On a 48B-parameter MoE model, AttnRes achieves consistent improvements across nearly all downstream tasks — GPQA-Diamond (scientific reasoning) up 7.5 points, Math up 3.6 points, HumanEval (code) up 3.1 points. Meanwhile, the model's gradient distribution and hidden state magnitudes become more uniform, with significantly improved training dynamics — not just better results, but a healthier process.

The paper quickly drew attention after release. Elon Musk commented directly on X: "Impressive work from Kimi." Andrej Karpathy's response was more intriguing — he half-jokingly asked whether we hadn't fully understood the phrase "Attention is All You Need." Jerry Tworek, former VP of Research at OpenAI and widely credited as "the father of the o1/o3 reasoning model series," went further, calling it "deep learning 2.0 is approaching."


Ilya Sutskever once said that LSTM is just ResNet rotated 90 degrees. AttnRes proves that Attention can also be rotated 90 degrees — from the sequence dimension to the depth dimension.
What does AttnRes tell us? In the short term, it's a training efficiency optimization: better models for the same compute, or the same performance for less money — a visible, practical cost advantage.
In the long term, it points to a larger possibility: if the depth dimension becomes learnable and dynamic, future large models may no longer be fixed-depth feedforward networks, but instead dynamically dispatch computational resources across different layers at runtime — simple problems solved with shallow layers, complex problems only then engaging the full depth.

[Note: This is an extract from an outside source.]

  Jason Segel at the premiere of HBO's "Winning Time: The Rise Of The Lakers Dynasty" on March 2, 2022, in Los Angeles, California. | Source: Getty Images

Looking back over the past decade, the biggest paradigm shifts in AI — from fixed features to learned features (deep learning), from fixed sequence processing to dynamic sequence processing (Attention), from fixed reasoning to dynamic reasoning (Chain-of-Thought) — have all fundamentally been about taking something "fixed" and making it "learnable." AttnRes continues this same thread.
Of course, the paper was only recently released and hasn't yet undergone large-scale replication and validation. There's a long road from architectural innovation on paper to industrial deployment.

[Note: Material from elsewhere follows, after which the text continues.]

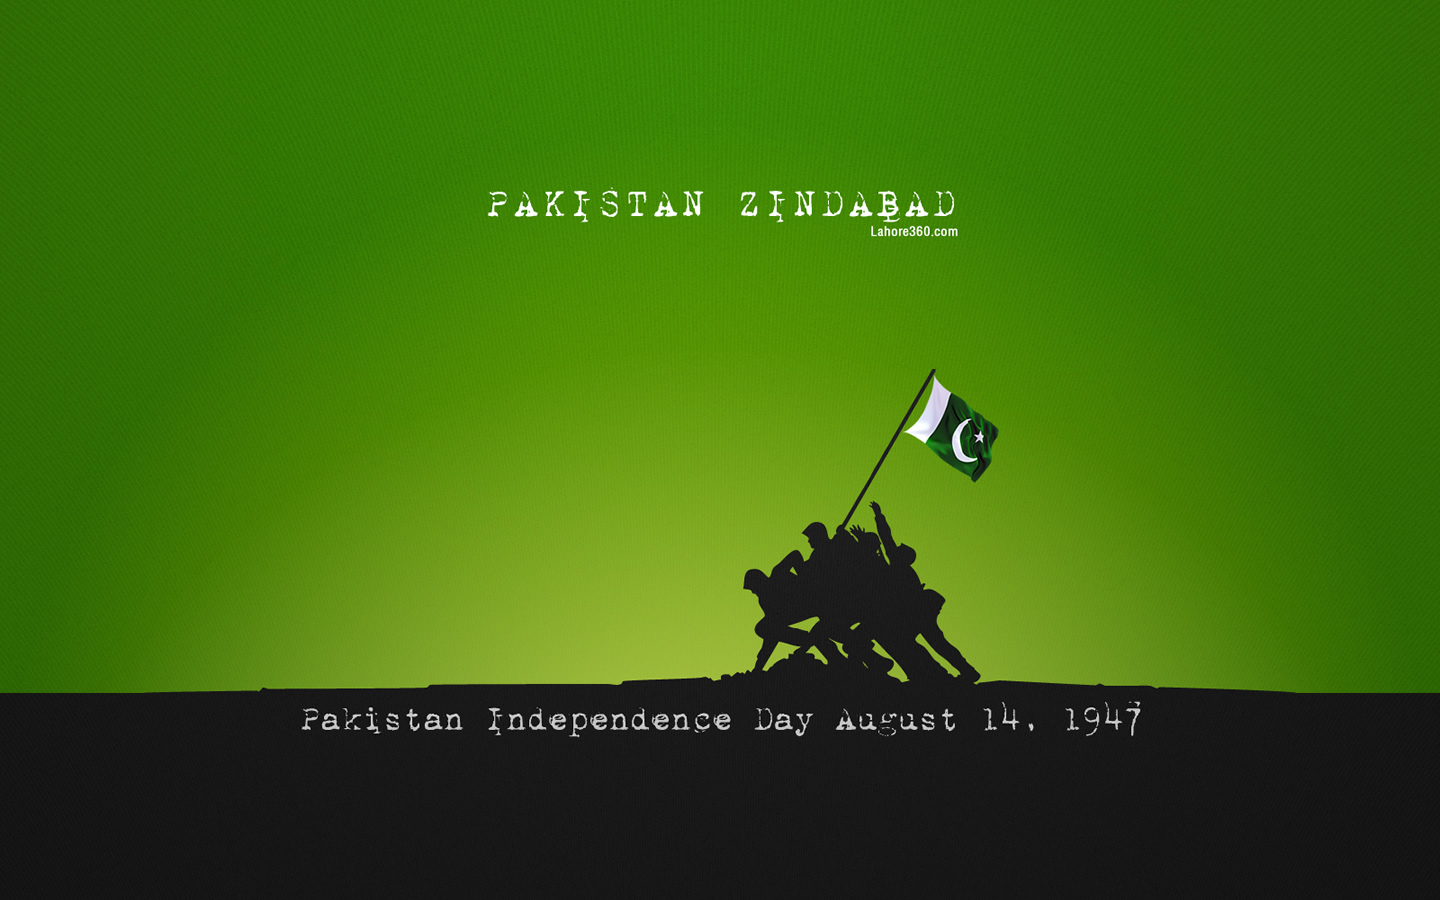 Pakistan Independence Day Wallpapers HD Pictures | One HD ...

Still, it's worth noting that AttnRes's emergence confirms a principle Moonshot AI has long emphasized: technical breakthroughs come from talent density and retention. It also demonstrates a structural technical sensibility — the willingness to question foundational assumptions that have stood untouched for a decade, and to provide a clean answer. Only the combination of talent density, team cohesion, and technical taste can explain why this team produced this work.
We look forward to the next "rotation."